» **The problem**: What is needed is an exact transcription of the listing, with the images removed.

» **Dataset extract**:

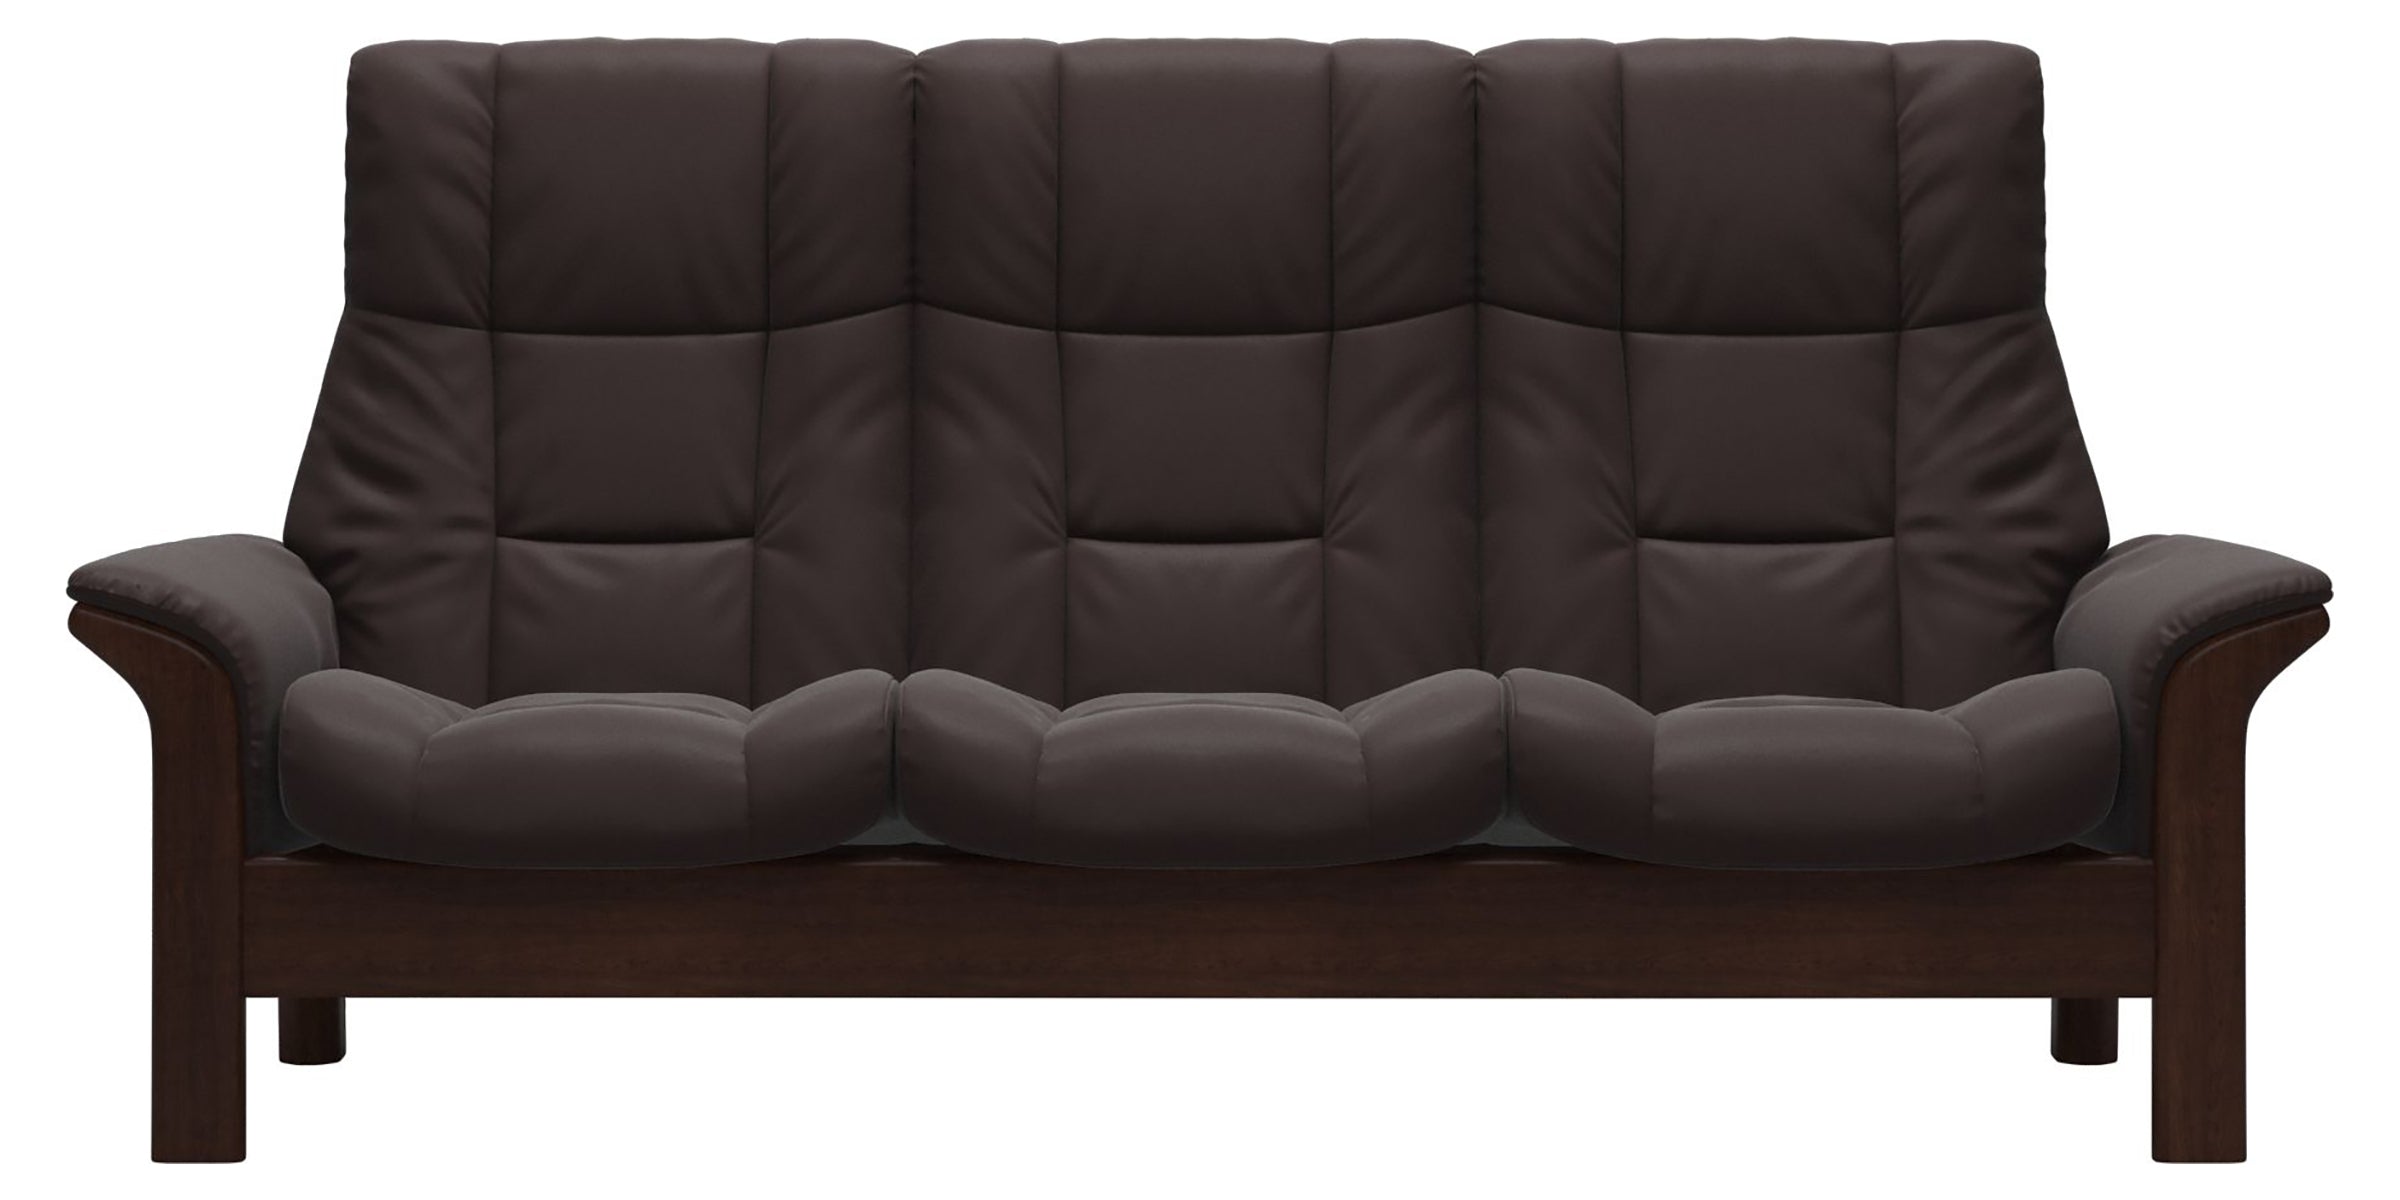 Paloma Leather Chocolate and Brown Base | Stressless Windsor 3-Seater High Back Sofa | Valley Ridge Furniture
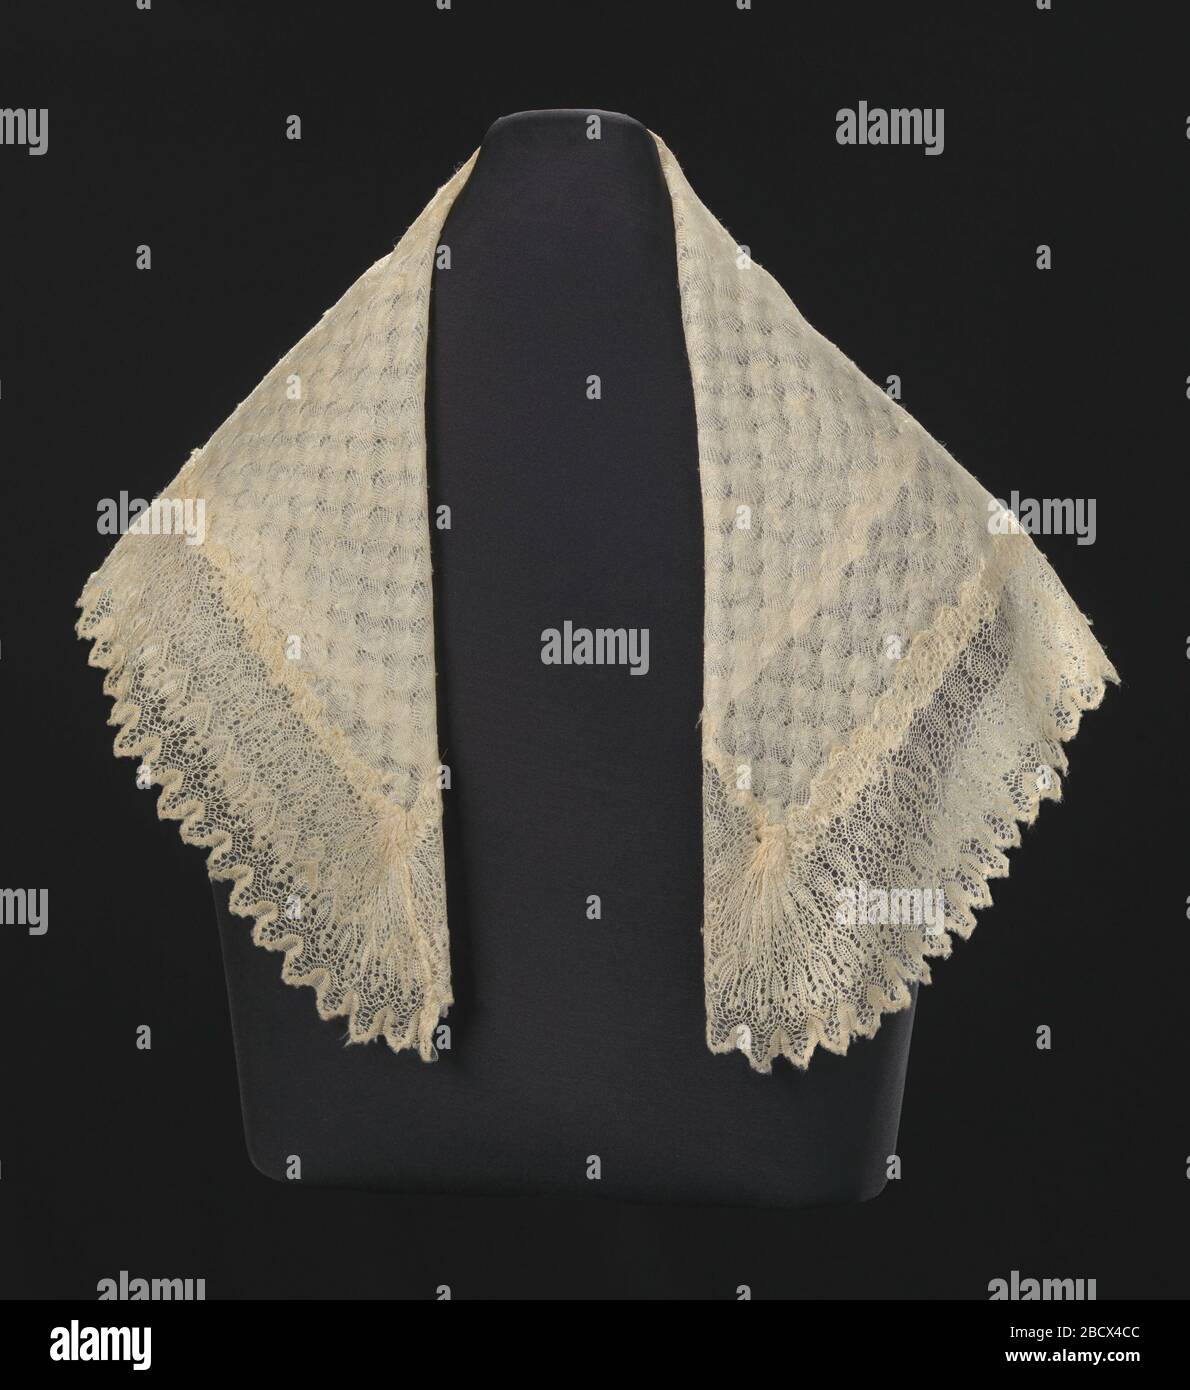 Silk lace and linen shawl given to Harriet Tubman by Queen Victoria. Harriet Tubman escaped the bonds of slavery as a young woman in the early 1800s. She returned to the South many times as a "conductor" on the Underground Railroad to lead other African Americans to freedom. Silk lace and linen shawl given to Harriet Tubman by Queen Victoria Stock Photo
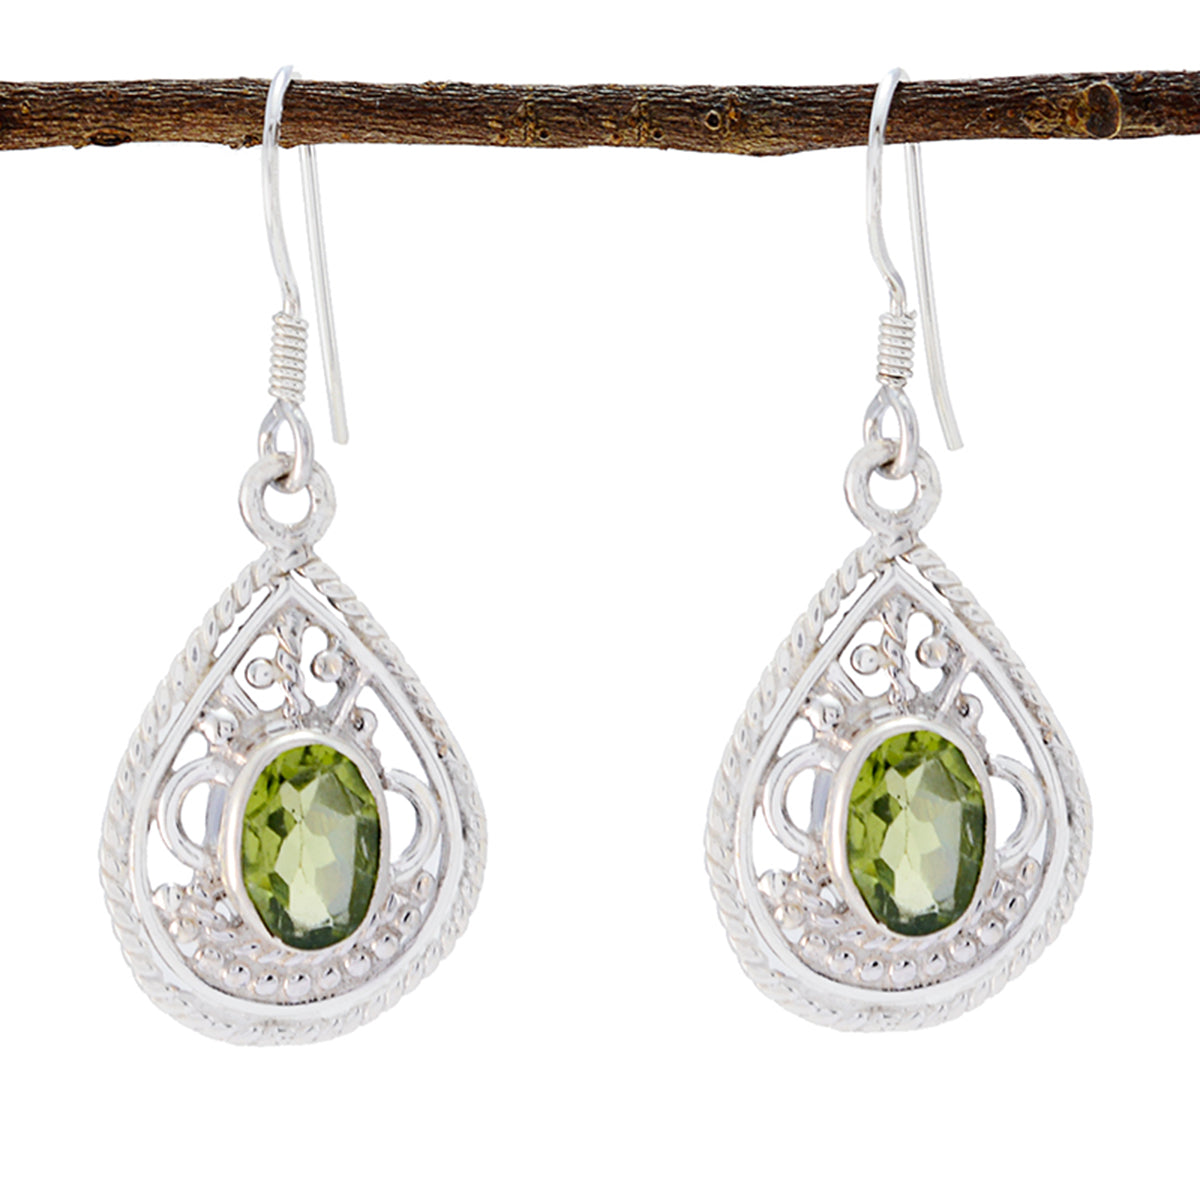 Riyo Genuine Gems oval Faceted Green Peridot Silver Earring gift for college

» **Written answer**:
 Paloma Leather Chocolate and Brown Base | Stressless Windsor 3-Seater High Back Sofa | Valley Ridge Furniture
 Silk lace and linen shawl given to Harriet Tubman by Queen Victoria. Harriet Tubman escaped the bonds of slavery as a young woman in the early 1800s. She returned to the South many times as a "conductor" on the Underground Railroad to lead other African Americans to freedom. Silk lace and linen shawl given to Harriet Tubman by Queen Victoria Stock Photo
 Riyo Genuine Gems oval Faceted Green Peridot Silver Earring gift for college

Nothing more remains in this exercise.